Bei der Ausstellung „Momente & Metamorphosen“ wurden Arbeiten von David Eicher, Karl Banski, Luca Bonfanti, Bernd Caspar Dietrich, Hella Sinnhuber und den Kegelrobben gezeigt. Der Titel wirkte im Zusammenhang mit Dietrichs Tod beinahe programmatisch. Momente blieben in Bildern, Materialien und Erinnerungen bewahrt. Zugleich hatte sich der Ort unwiderruflich verwandelt.

Dietrichs eigene Arbeiten kreisen um Sand, Beton, Gold, Licht und Oberfläche. In seinen Wheels, seinen kreisförmigen Bildräumen, verdichtete er persönliche Geschichten und gesellschaftliche Konflikte. Serien wie „BetonGold“ oder „Die Urbanisten“ verbanden folgerichtig ästhetische Erfahrung mit Fragen nach Macht, Verstädterung, Krieg und gesellschaftlicher Verantwortung.

Beim Lebensfest waren diese Themen nicht nur in den Werken gegenwärtig. Sie lebten auch in den Gesprächen und Begegnungen weiter.

Musik, Nähe und ein offener Raum

Zahlreiche Musikerinnen, Musiker und Kunstschaffende machten den Samstag zu einem persönlichen Fest. Nach Klang Qi Gong mit Anne Suchalla und Lu Brincks öffnete sich die Bühne für unterschiedliche musikalische und künstlerische Beiträge.

Chris Seidler und Carlos, Heike Gebhardt und Simon Schmucker, Anna Spohr und Remco Hooijkaas, Mrs. Pope, Zwakkelmann und Vicky Stachowiak, Christoph Clöser, Tycho Schottellius, Kikikustik sowie Thomas Machoczek und Freunde gestalteten das Programm.

Es war dazu kein distanziertes Gedenkkonzert. Viele Beiträge dabei wirkten unmittelbar und persönlich. Sie trugen jene Menschlichkeit und jenes Gefühl in sich, die Bernd Caspar Dietrich wichtig gewesen waren.

Mit Soul, Jazz und Blues von Practise Once klang das Festival am Sonntag aus. Doch ein eigentlicher Schlusspunkt war es nicht.

Die Vision wird weitergebaut

„Demokratie braucht Kultur und Kultur braucht Anarchie“, lautet dabei ein zentraler Gedanke des artparks. Er beschreibt Dietrichs Verständnis von Kunst als notwendige Unruhe innerhalb der Gesellschaft. Kunst sollte nicht bloß schmücken. Sie sollte Fragen stellen, verbinden, irritieren und neue Räume öffnen.

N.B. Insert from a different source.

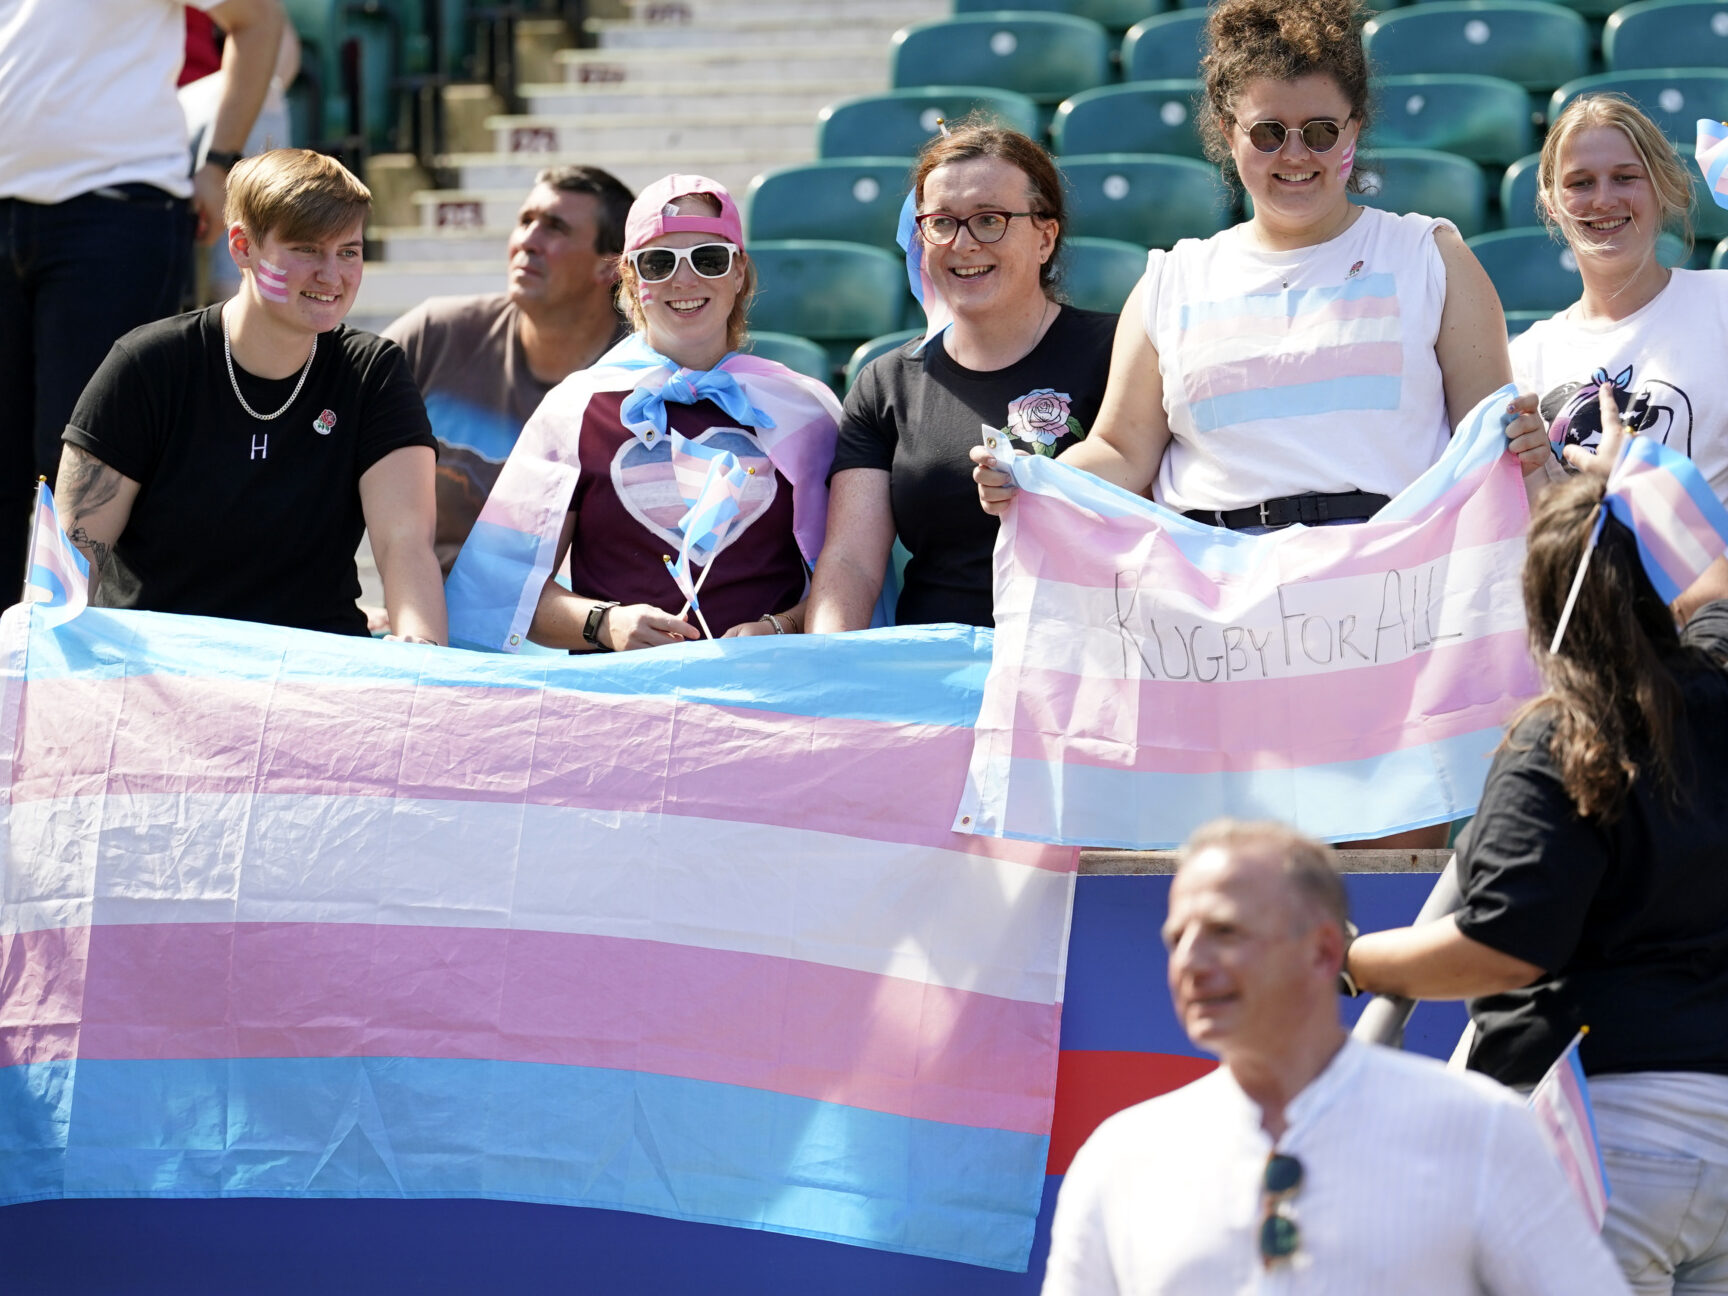 England fans with Transgender Pride flags in the stands after an open training session at Twickenham Stadium, London. Picture date: Thursday August 11, 2022. (Photo by Andrew Matthews/PA Images via Getty Images)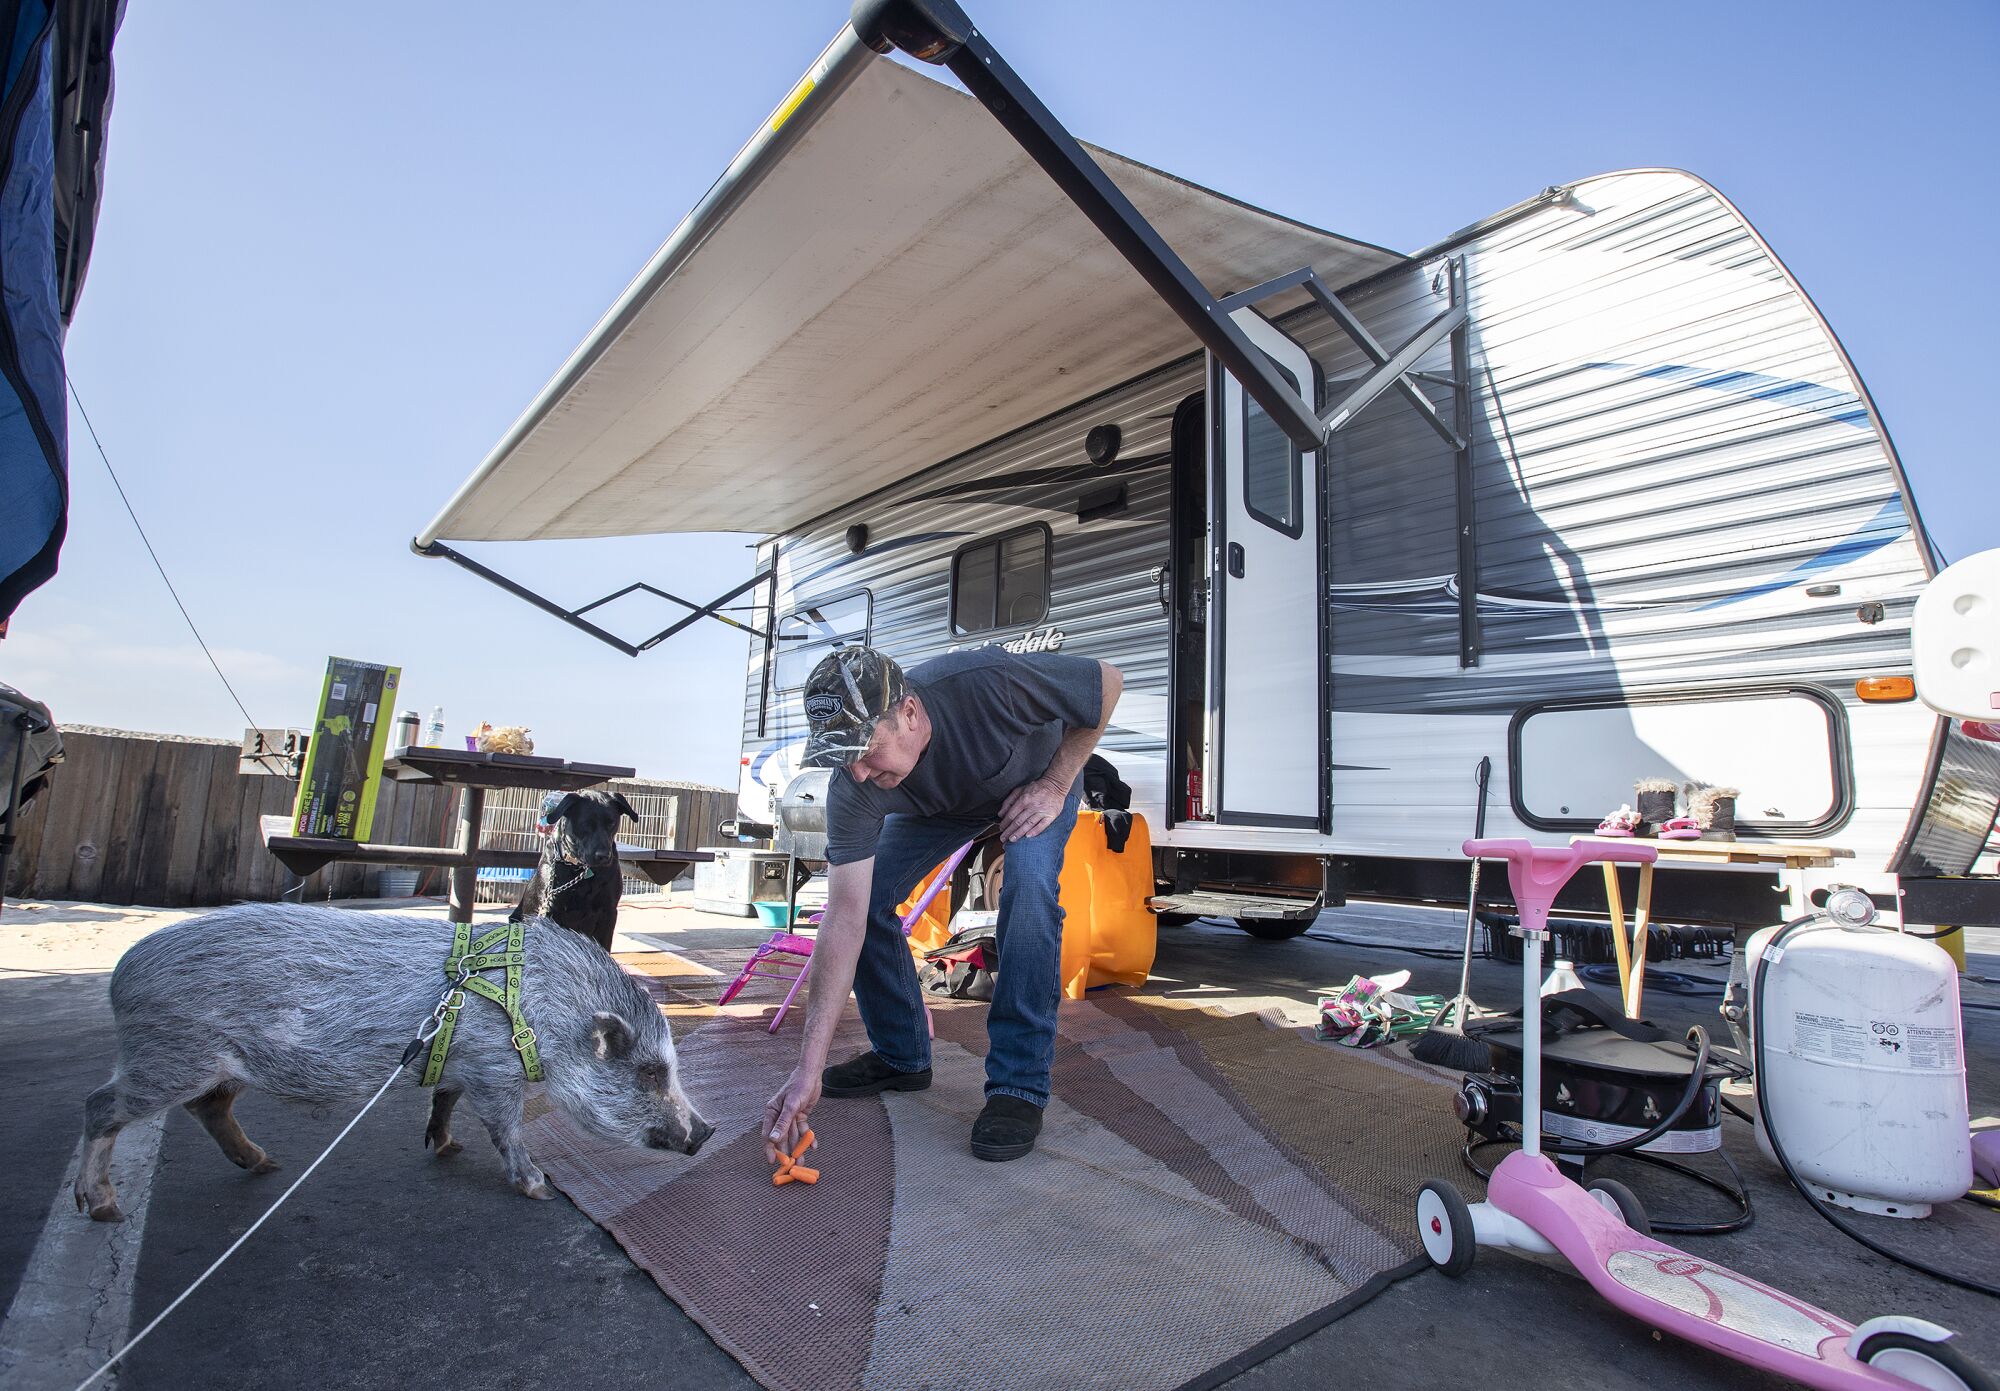 A man bends over to put carrots on the ground in front of his leashed pet pig outside his RV.

Hella Sinnhuber an der Kathedrale der Namenlosen. Foto: Alexander Fichtner

Nach seinem Tod liegt es nun an den Menschen, die ihm verbunden waren, genauso diese Haltung weiterzutragen. Allen voran Hella Sinnhuber, mit der er den artpark aufgebaut, gestaltet und immer wieder neu gedacht hat.

Das Lebensfest zeigte, dass die Grundlage dafür vorhanden ist. In den Künstlern, die kamen. In den Freunden, die Erinnerungen teilten. In den Besuchern, die sich dazu gemeinsam auf den Weg zur Kathedrale der Namenlosen machten.

Der artpark hat einen seiner beiden prägenden Menschen verloren. Doch er hat nicht seine Richtung verloren.

Die Kathedrale wächst weiter. Die Kunst bleibt. Und aus dem Ende entsteht ein neuer Anfang.